Tidak deras hujan bulan juni
manuskrip perjanjian antara gerimis dan rintik,
saling mengikat ingatan kecil
belumlah gigil pada puncak
apa piramida cinta sudah lupa akan diri!
Sesiang tadi hanya sempat mendulang pertemuan, udara gerah kopi saling adu gelisah
sepintas kampus biru mengadu kerinduan
ketika kita sama-sama titip absen lari dari sks dosen. Payung hujan si dia masih gerayangi harga tubuhnya, senilai uang makan satu minggu.
Aku lanjutkan dengan wahyu santri pondok gus mus, ia bertanya tentang moral apa bisa terbentuk tanpa agama: tidak jawabku.
Baginya, tetap mampu analogi moral terbentuk tanpa agama.
"Merasa menyakini ialah kemurtadan sesungguhnya"
Celotehnya.
Yang kuingat dari cuplikan teater para santri itu,
demikian:
Ah, bengal si kurus pantomim iblis yang dimainkan santri kyai bisri.

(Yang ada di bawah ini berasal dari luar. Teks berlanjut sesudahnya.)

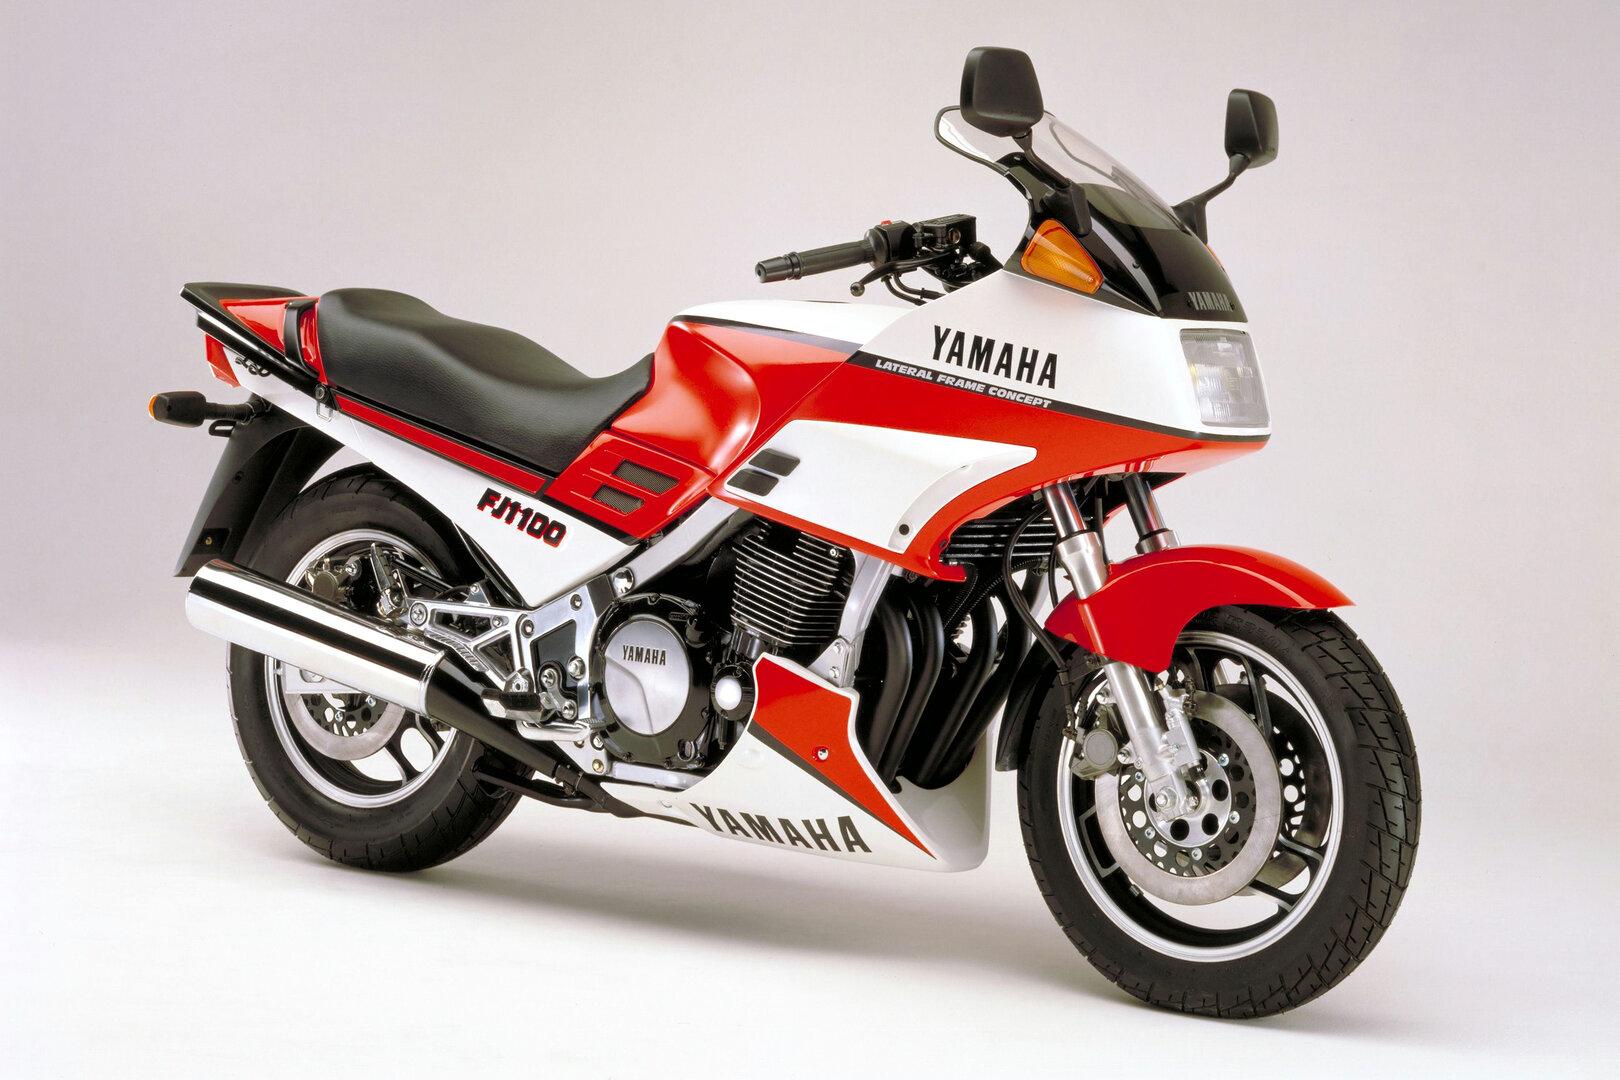 Moto del día: Yamaha FJ 1100/1200

Aku suka cuplikan kekatanya, kian.
Kondom selalu kukunyah dalam pertasbihan,
sakral lampu Apa kau lihat!
cari dan hidupkan bohlam lampu
matahari kecil warisan dari adam
panjat saja pohon nyiur hingga atap langit
buah kelapa hijau tumbuh lebat bersamanya
anggap ini bukan prosa ataupun puisi
Dinda, ketika itu masih belia lima belas tahun
dengan dada layaknya bunga mawar dewasa
kuajarkan mesra dari ranjang revolusi
ia angguk setuju dari setiap tubuh yang tercumbu
larik ini bukan lompatan waktu
karena masa lalu kian melaju sebagai tugu para sajak bujangga
lantas apa itu masa depan: ia sang maut.